Word-for-word transcription: reproduce all of the data, but not the pictures.

*** Opening of Recorded information ***

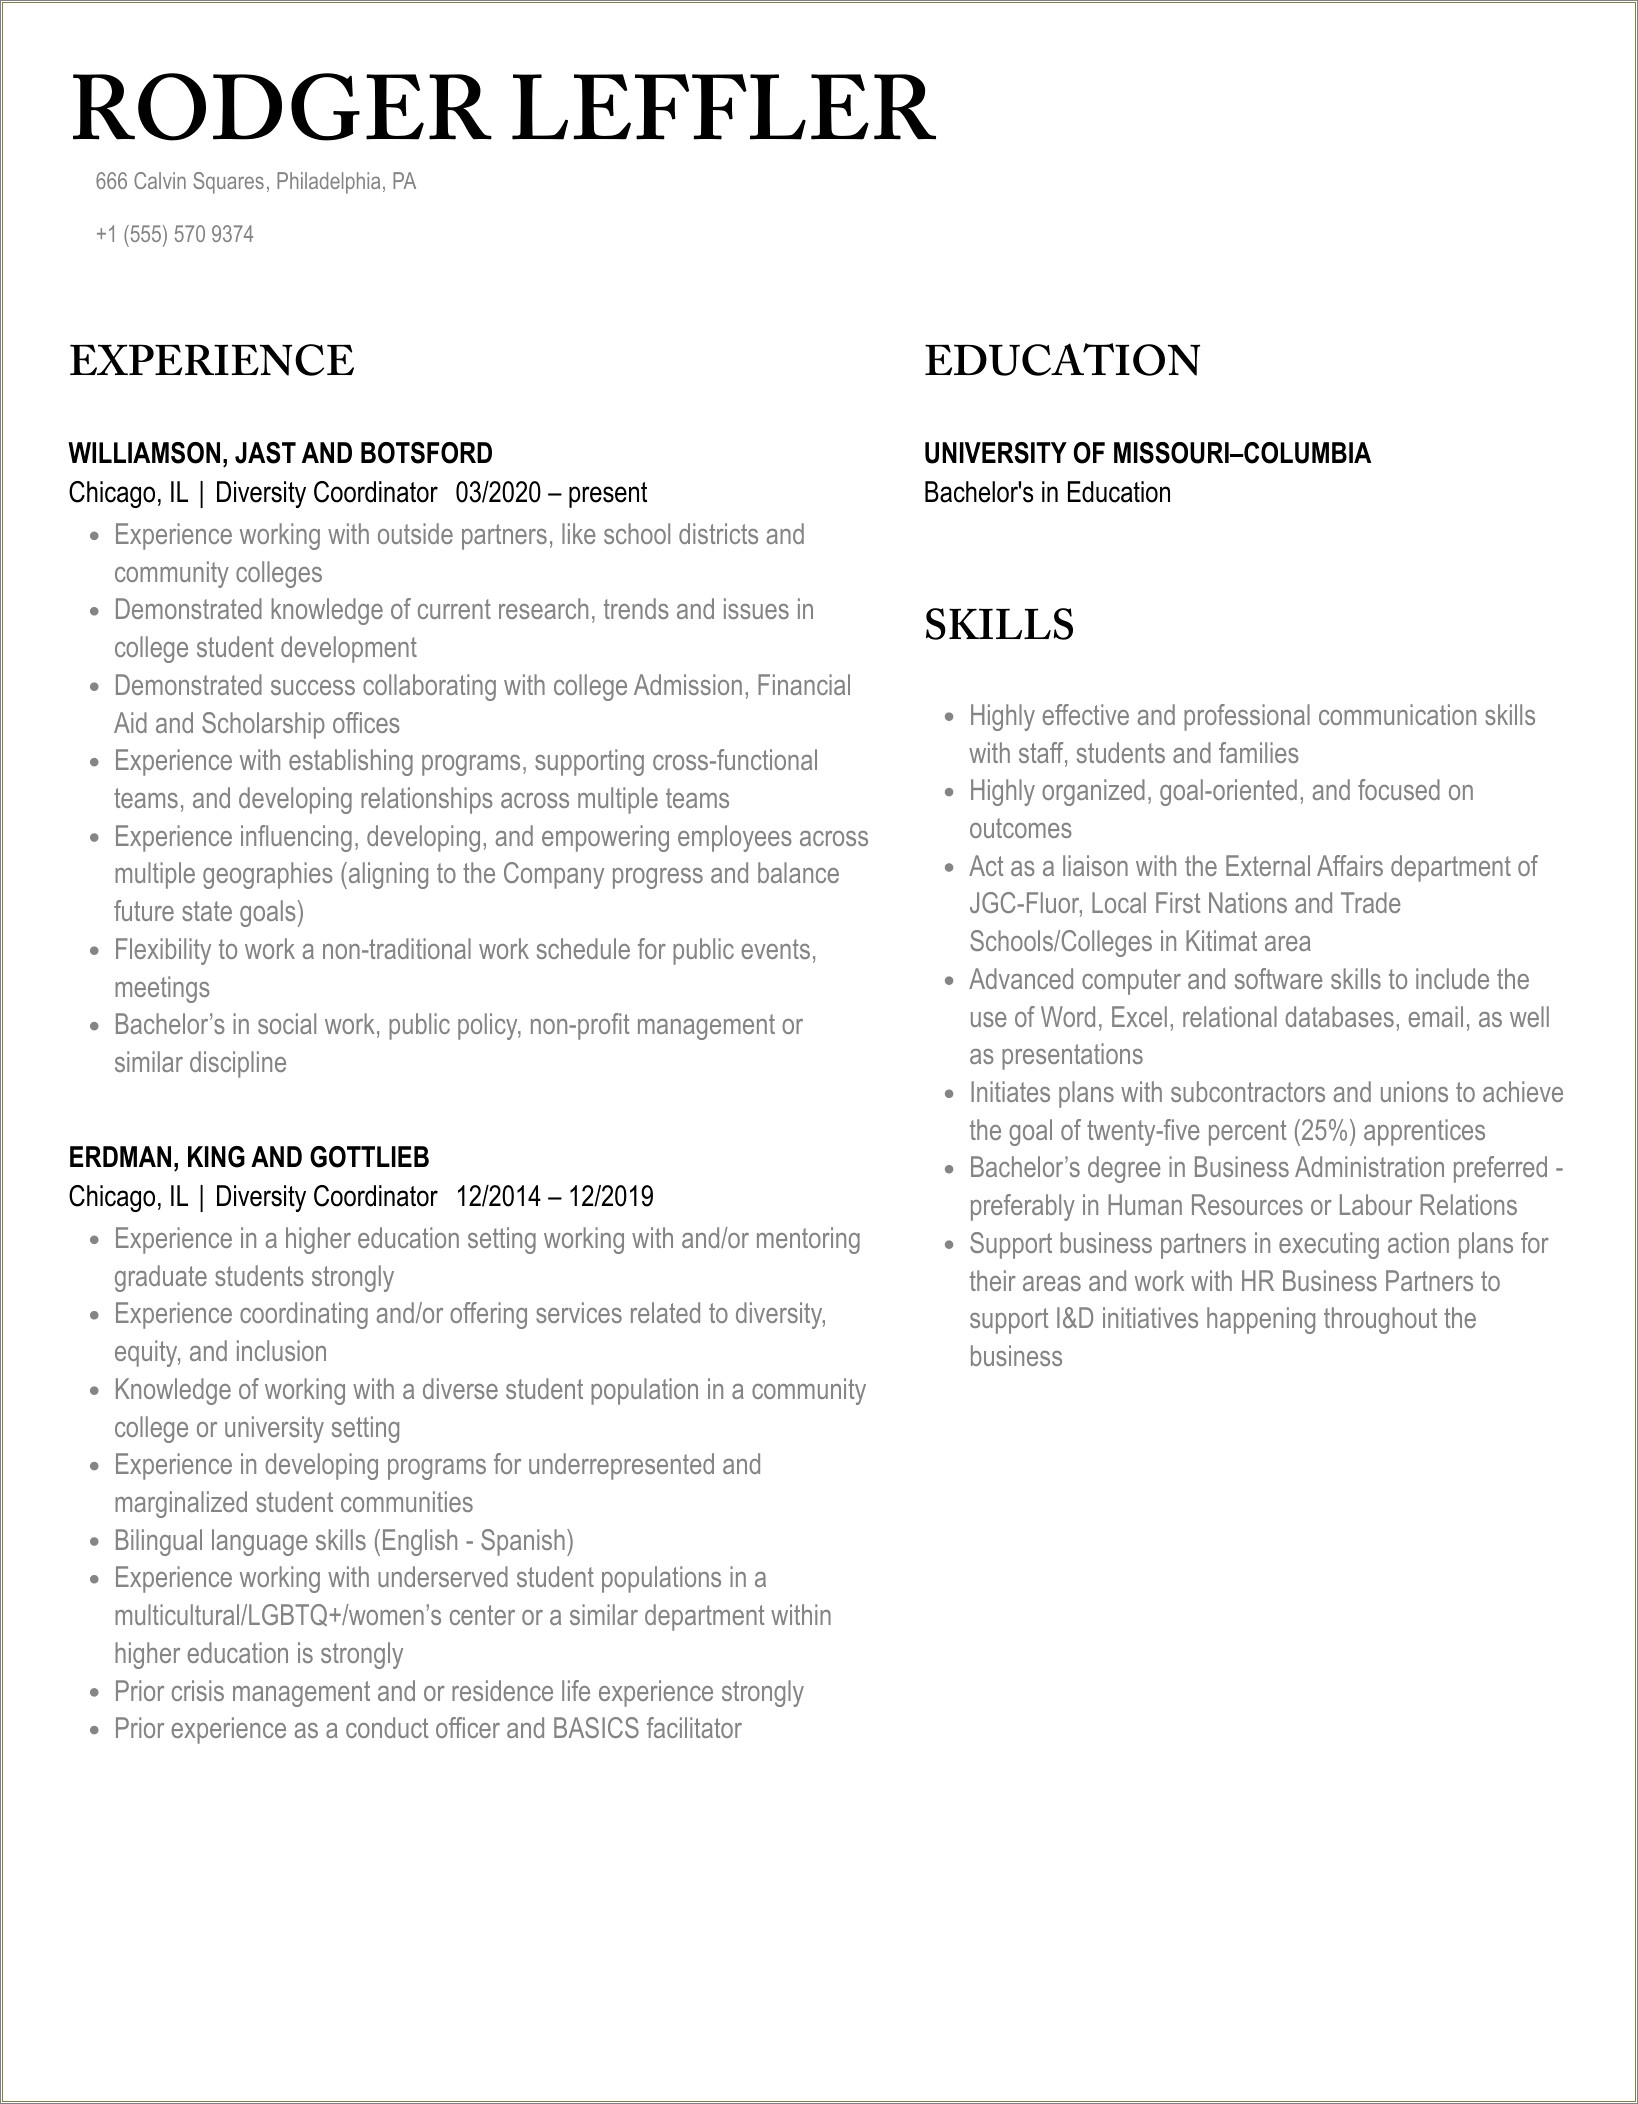 Diversity And Social Justice Experience For Resume
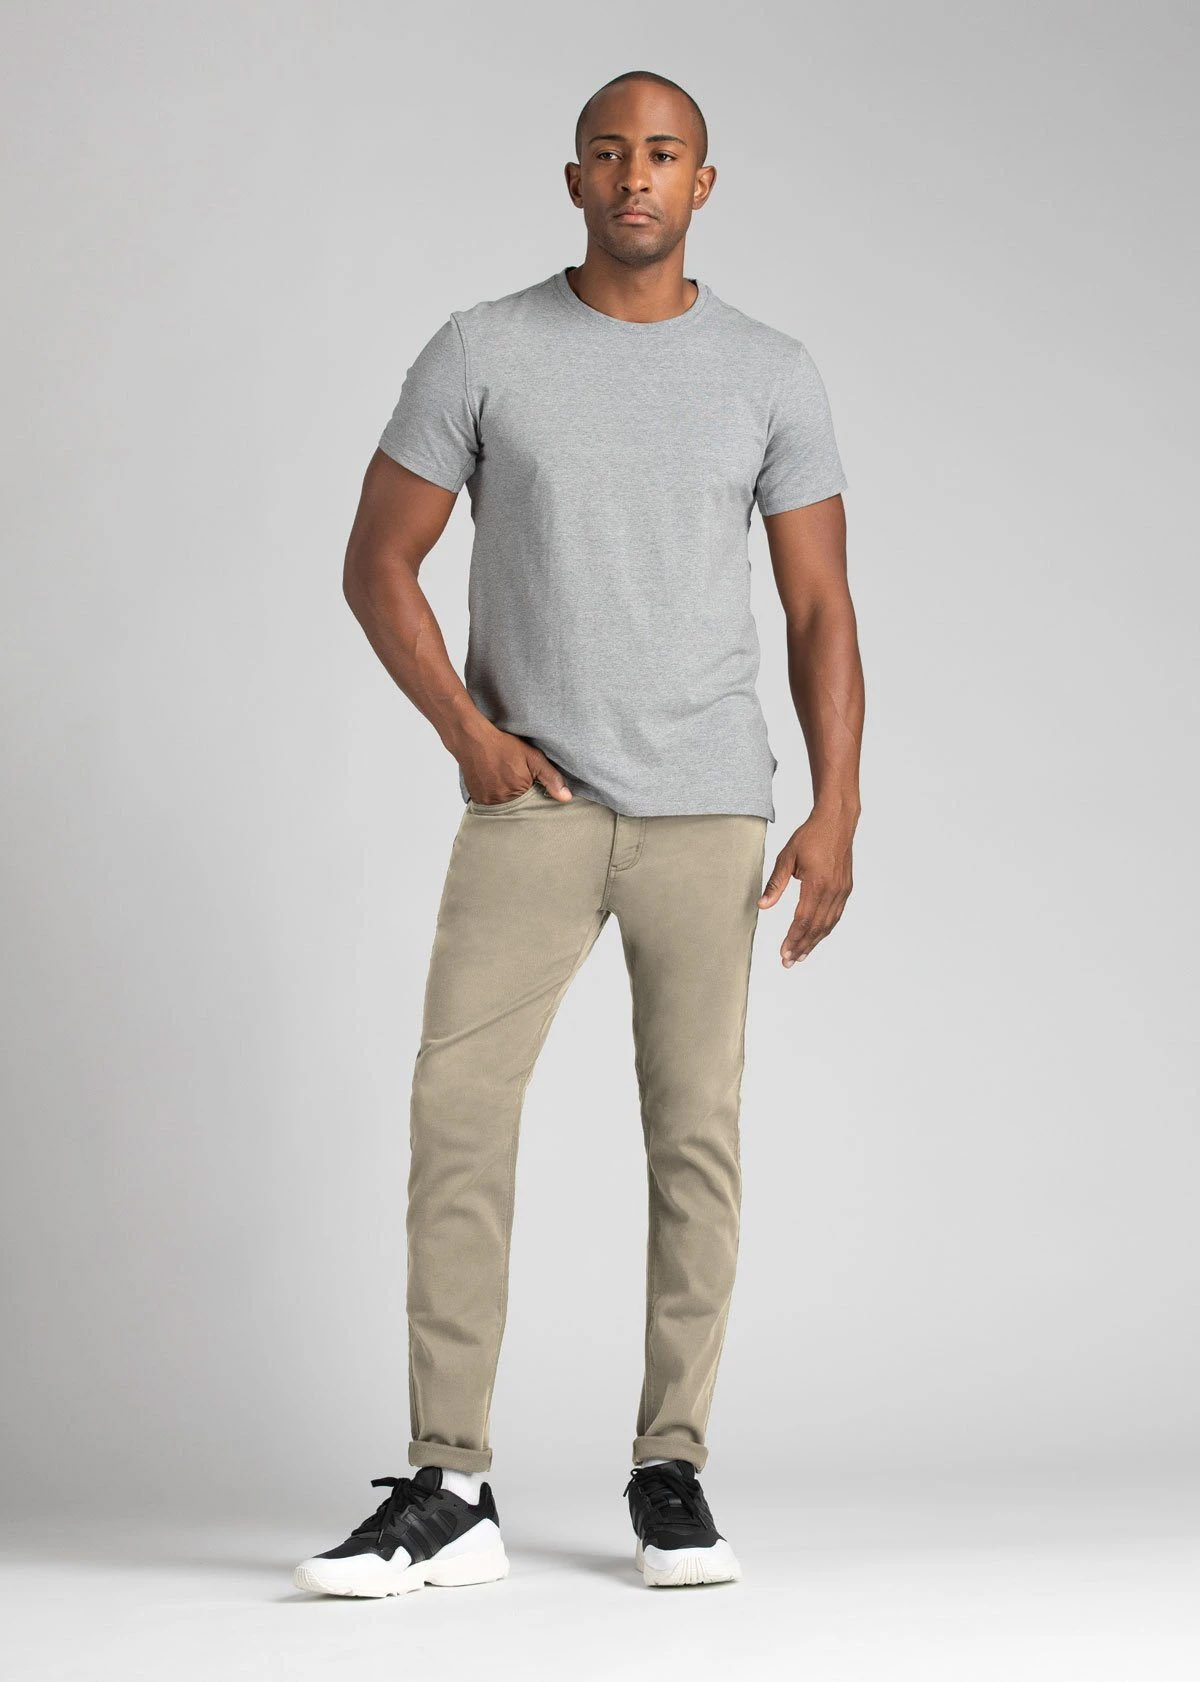 DUER No Sweat Pant: A Performance Jeans - Take More Adventures
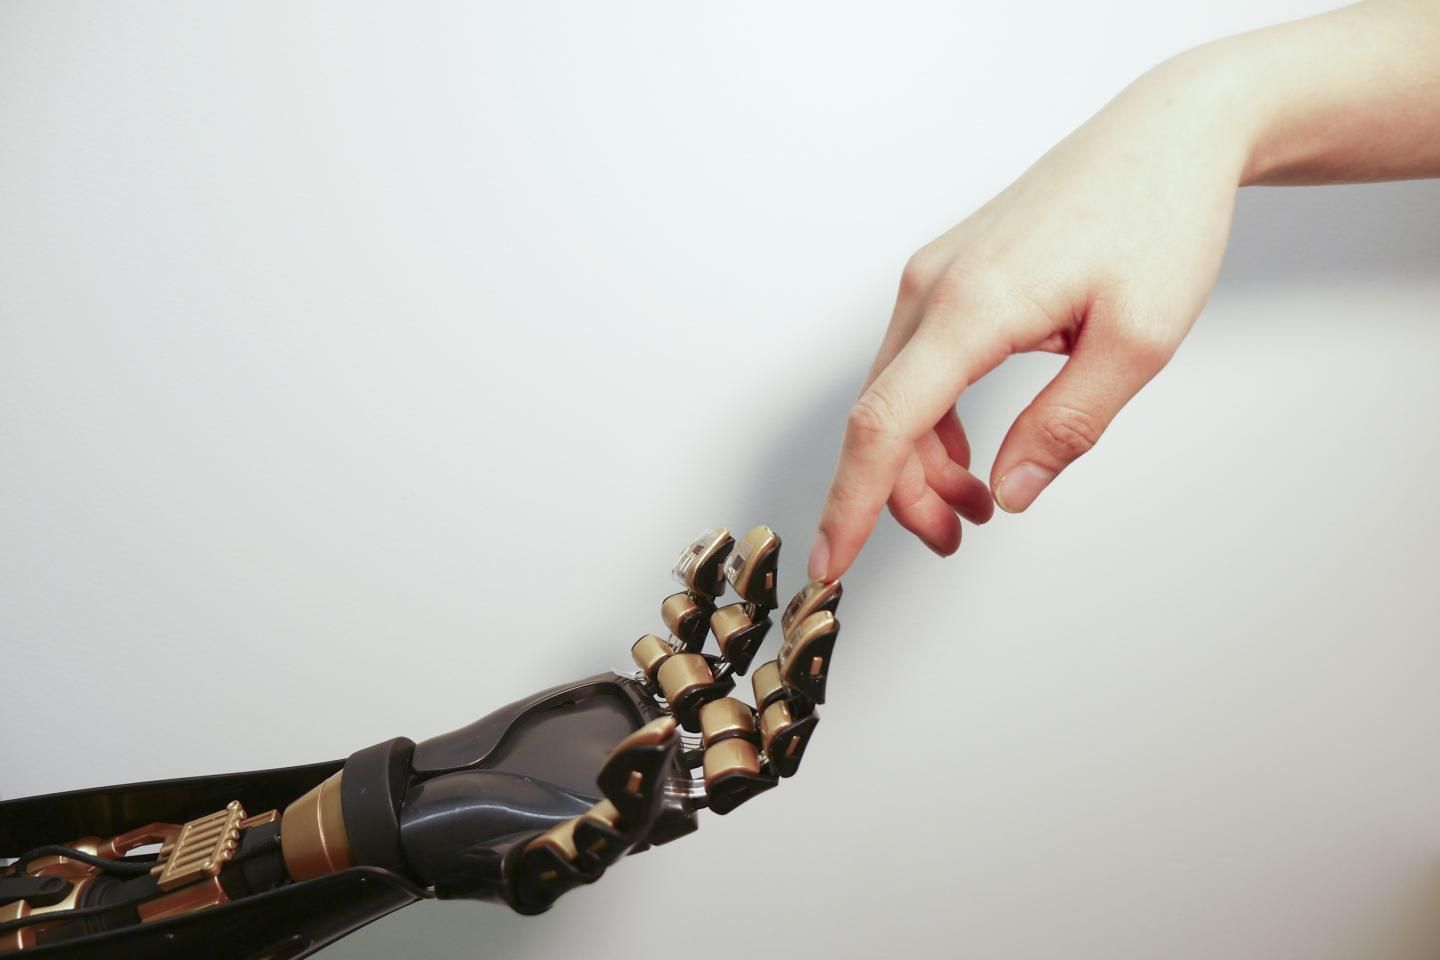 Artificial skin could give prosthetics .cbsnews.com

*** Close of Recorded information ***

## Finished task
 Diversity And Social Justice Experience For Resume
 DUER No Sweat Pant: A Performance Jeans - Take More Adventures
 Artificial skin could give prosthetics .cbsnews.com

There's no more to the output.